- Data to examine

Content starts

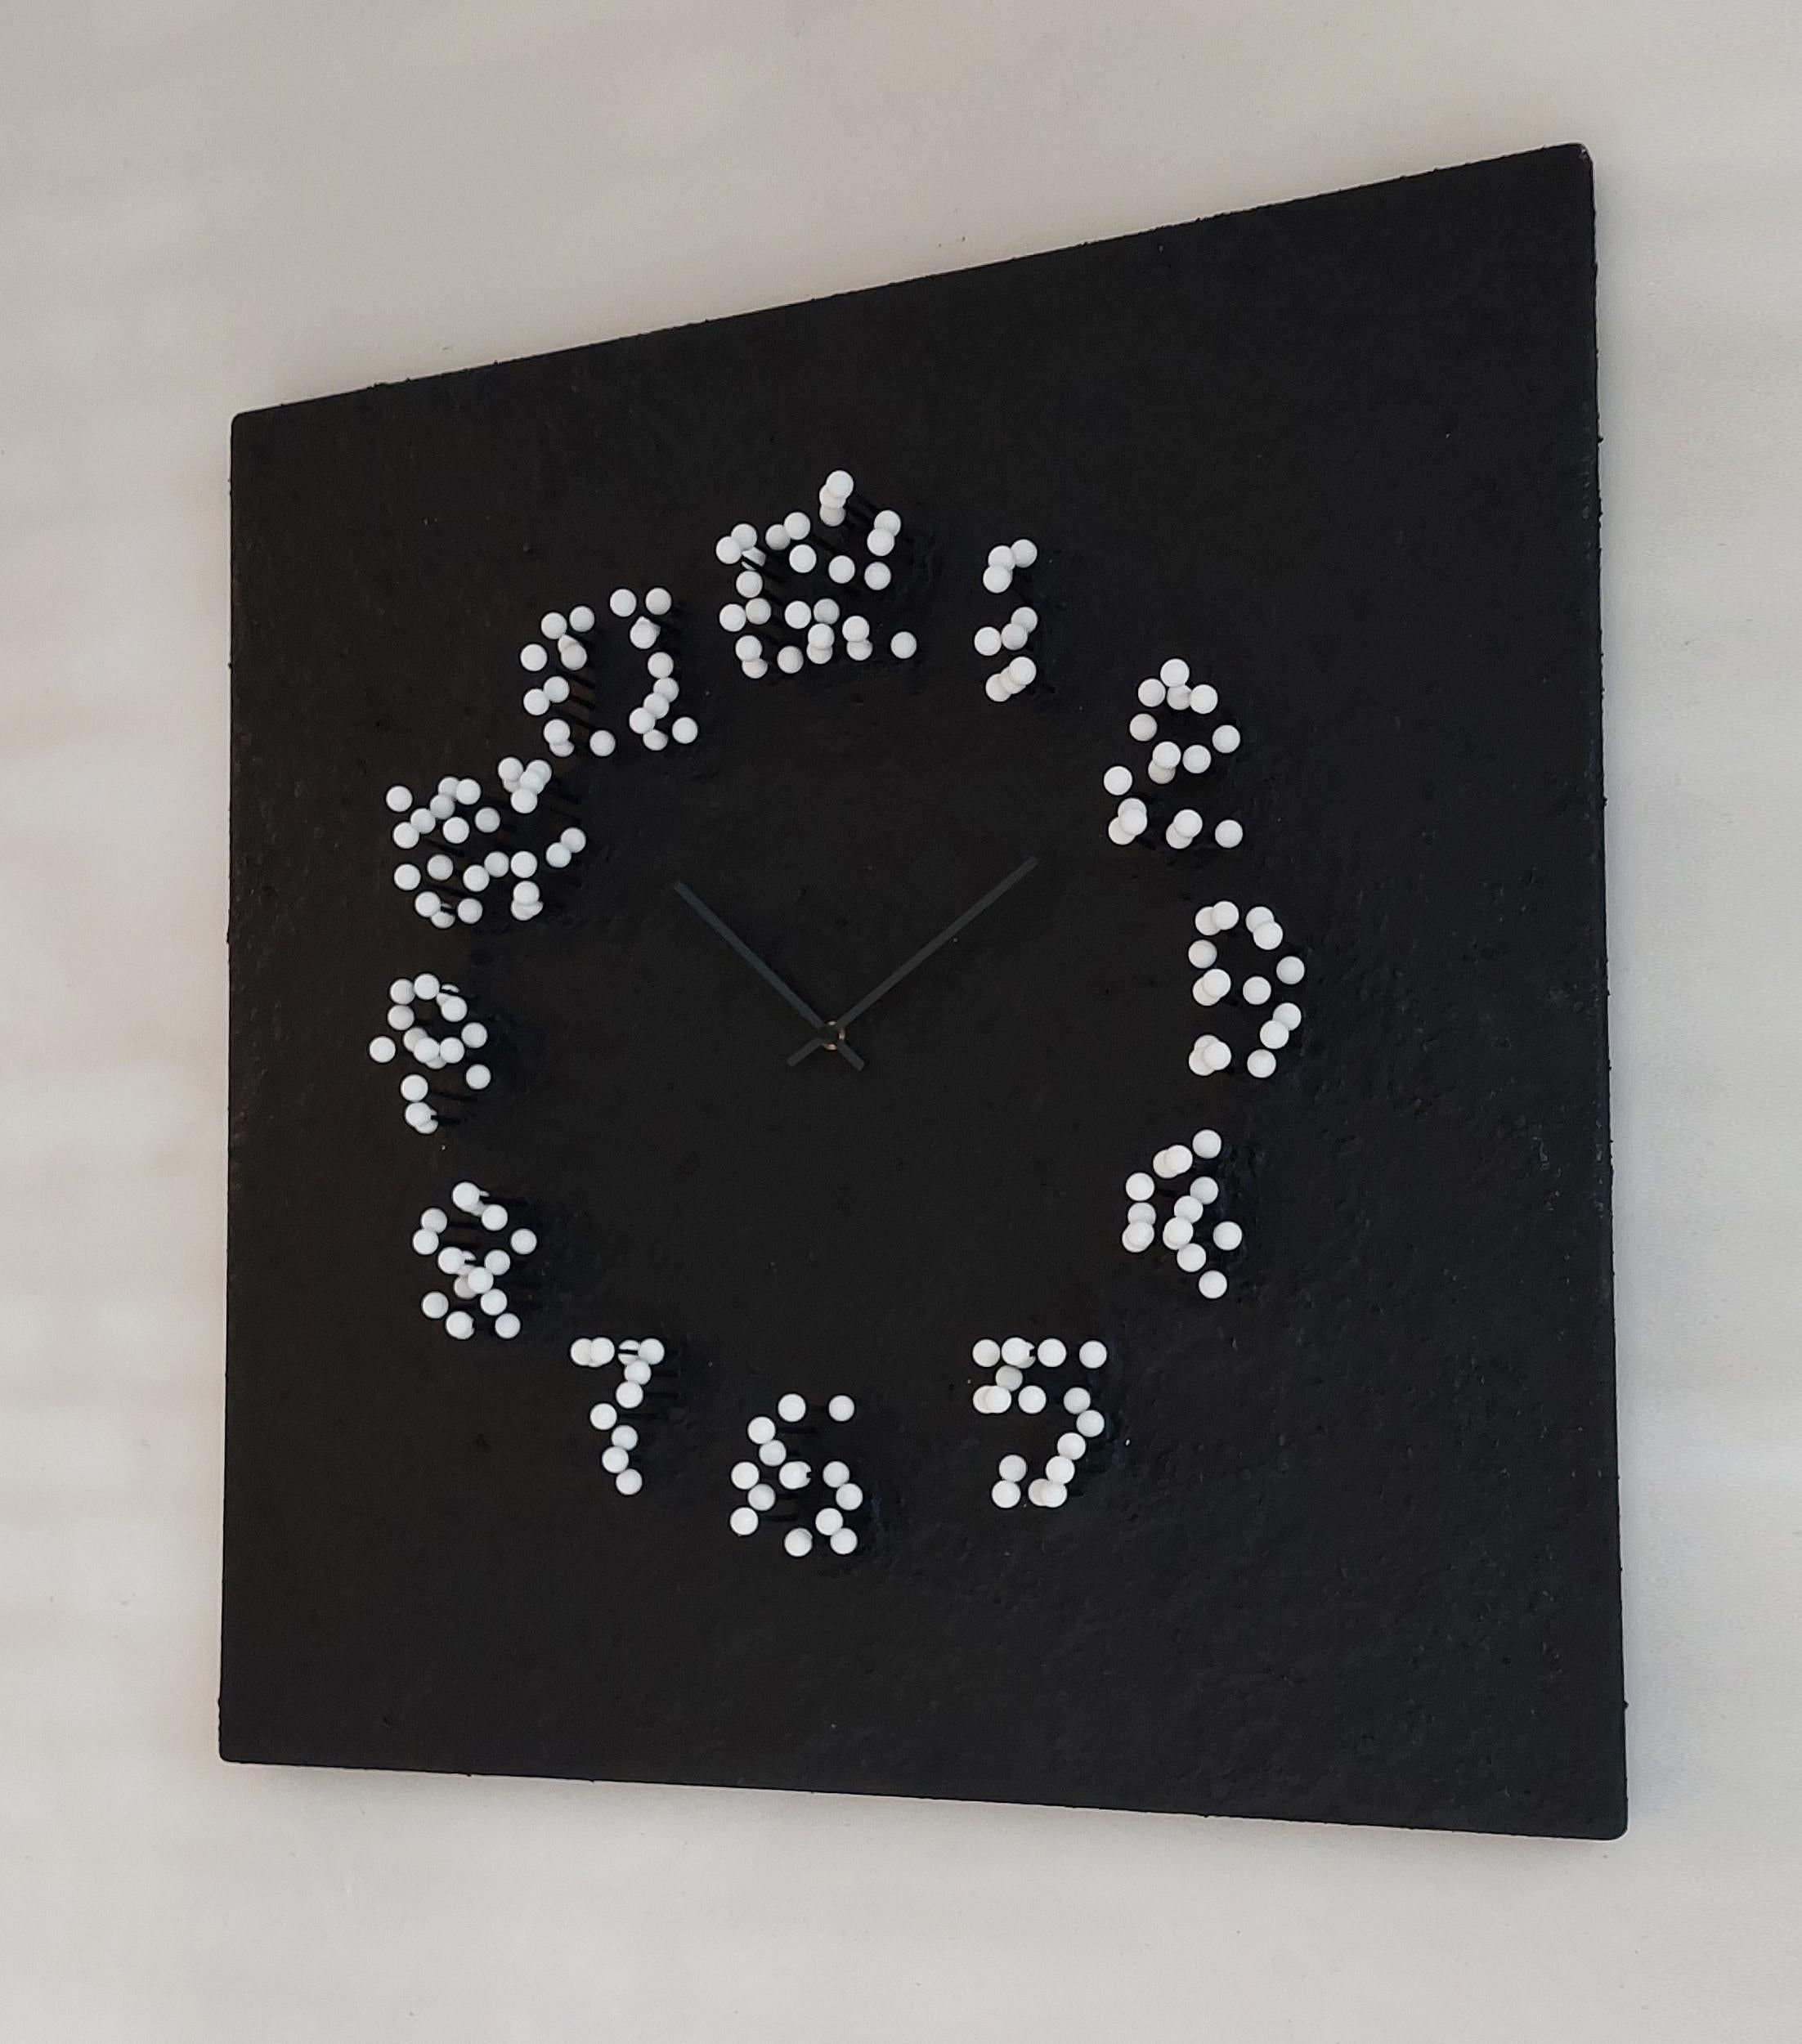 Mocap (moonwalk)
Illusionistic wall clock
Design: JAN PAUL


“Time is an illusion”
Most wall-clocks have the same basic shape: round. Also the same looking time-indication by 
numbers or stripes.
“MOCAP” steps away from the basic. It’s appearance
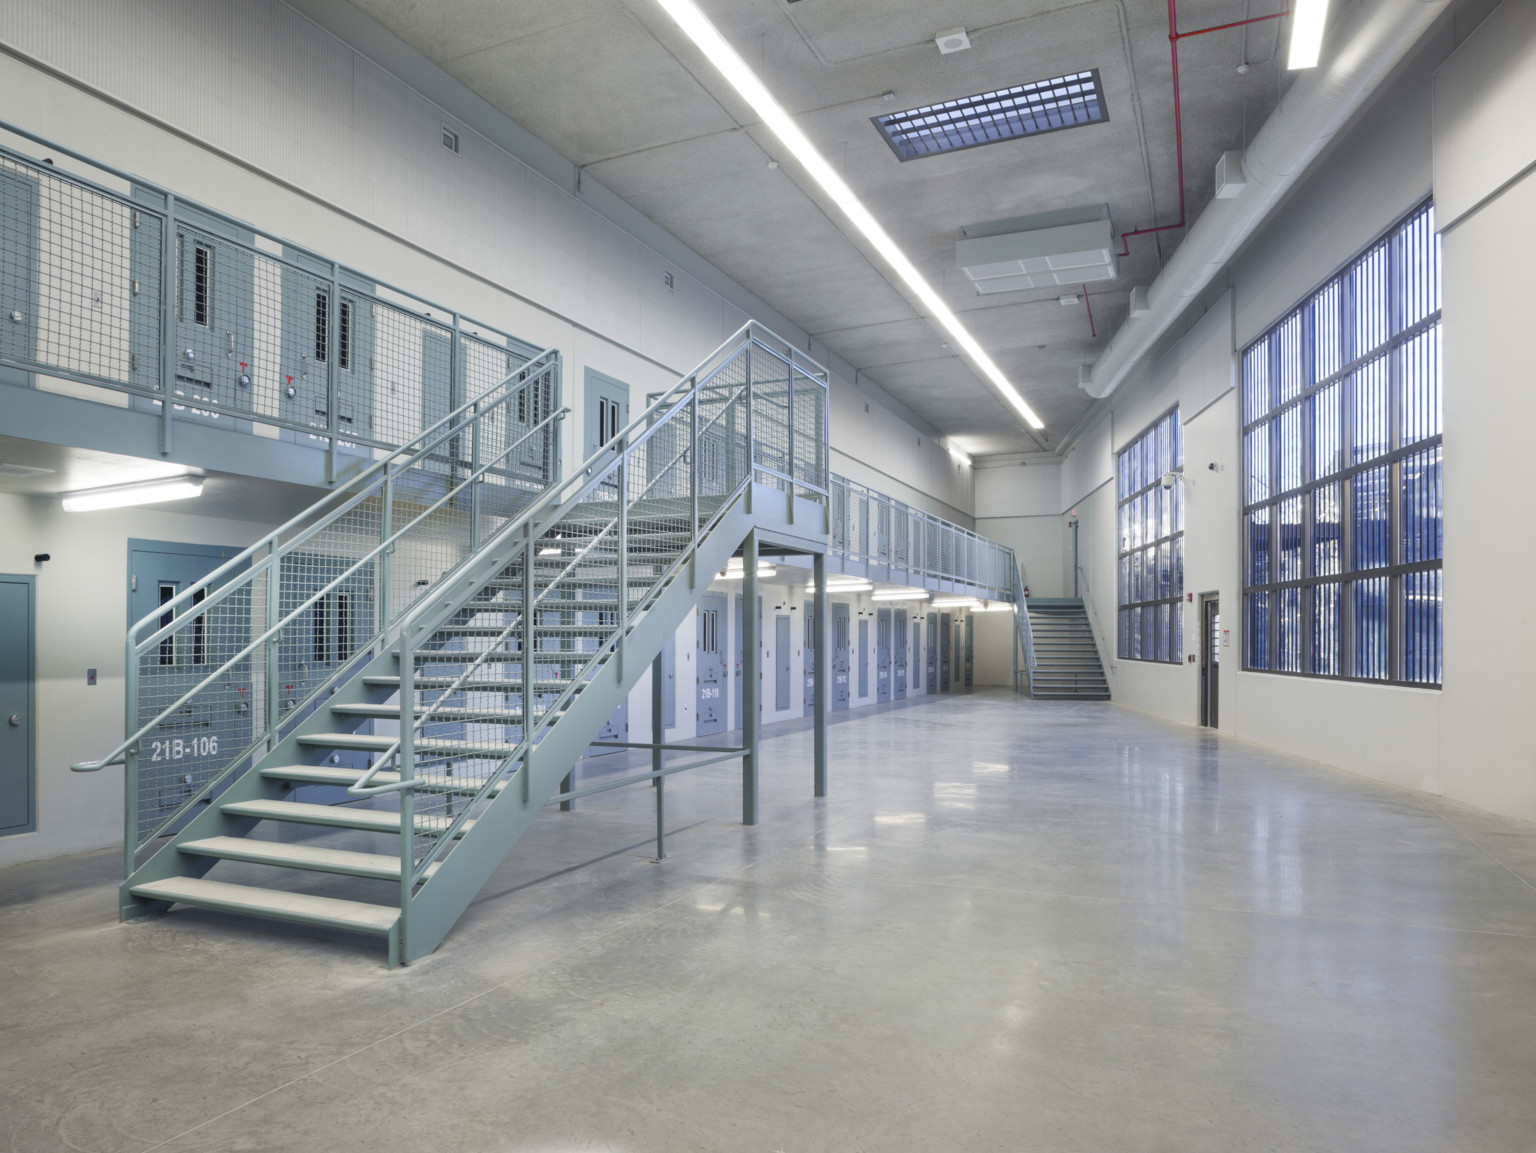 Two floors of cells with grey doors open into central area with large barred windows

Content ends

- Exercise aim
Write the records out once more, exactly as they appear, with no pictures.

- Response for this exercise
 Mocap (moonwalk)
Illusionistic wall clock
Design: JAN PAUL


“Time is an illusion”
Most wall-clocks have the same basic shape: round. Also the same looking time-indication by 
numbers or stripes.
“MOCAP” steps away from the basic. It’s appearance
 Two floors of cells with grey doors open into central area with large barred windows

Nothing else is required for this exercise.